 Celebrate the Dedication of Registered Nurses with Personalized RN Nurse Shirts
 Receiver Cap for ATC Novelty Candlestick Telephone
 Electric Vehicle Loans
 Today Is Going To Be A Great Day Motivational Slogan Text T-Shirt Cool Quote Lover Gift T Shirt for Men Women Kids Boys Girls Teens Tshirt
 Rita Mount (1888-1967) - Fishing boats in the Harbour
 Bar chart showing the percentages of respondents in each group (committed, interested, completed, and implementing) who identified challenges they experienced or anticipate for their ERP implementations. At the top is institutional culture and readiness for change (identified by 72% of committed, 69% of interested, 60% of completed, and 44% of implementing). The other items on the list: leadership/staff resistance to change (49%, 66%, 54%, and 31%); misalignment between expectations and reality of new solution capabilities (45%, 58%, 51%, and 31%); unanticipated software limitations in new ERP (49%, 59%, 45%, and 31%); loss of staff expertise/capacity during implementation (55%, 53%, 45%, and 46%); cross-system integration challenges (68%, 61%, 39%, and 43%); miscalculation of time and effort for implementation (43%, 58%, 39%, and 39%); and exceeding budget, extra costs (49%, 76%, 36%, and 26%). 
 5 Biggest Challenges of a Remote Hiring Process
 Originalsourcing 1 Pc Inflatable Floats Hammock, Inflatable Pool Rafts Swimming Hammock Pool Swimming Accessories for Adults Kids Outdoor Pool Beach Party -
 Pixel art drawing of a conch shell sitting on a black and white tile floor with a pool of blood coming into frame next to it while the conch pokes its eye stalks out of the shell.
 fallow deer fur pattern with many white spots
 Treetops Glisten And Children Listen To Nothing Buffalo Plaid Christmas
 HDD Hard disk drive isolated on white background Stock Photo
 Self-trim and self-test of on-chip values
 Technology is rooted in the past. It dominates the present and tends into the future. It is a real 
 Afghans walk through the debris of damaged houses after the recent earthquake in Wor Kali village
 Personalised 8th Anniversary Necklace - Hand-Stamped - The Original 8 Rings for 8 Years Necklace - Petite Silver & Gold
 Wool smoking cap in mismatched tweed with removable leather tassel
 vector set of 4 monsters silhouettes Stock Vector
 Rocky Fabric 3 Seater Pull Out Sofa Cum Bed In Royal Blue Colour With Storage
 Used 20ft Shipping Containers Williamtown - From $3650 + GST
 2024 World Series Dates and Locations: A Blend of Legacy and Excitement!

- - -

■ PROBLEM STATEMENT
Above are the entries. Quote exactly the lines from the one bearing "Treetops Glisten And" through the one bearing "Personalised 8th Anniversary".

■ RESPONSE TO THIS TASK
 Treetops Glisten And Children Listen To Nothing Buffalo Plaid Christmas
 HDD Hard disk drive isolated on white background Stock Photo
 Self-trim and self-test of on-chip values
 Technology is rooted in the past. It dominates the present and tends into the future. It is a real 
 Afghans walk through the debris of damaged houses after the recent earthquake in Wor Kali village
 Personalised 8th Anniversary Necklace - Hand-Stamped - The Original 8 Rings for 8 Years Necklace - Petite Silver & Gold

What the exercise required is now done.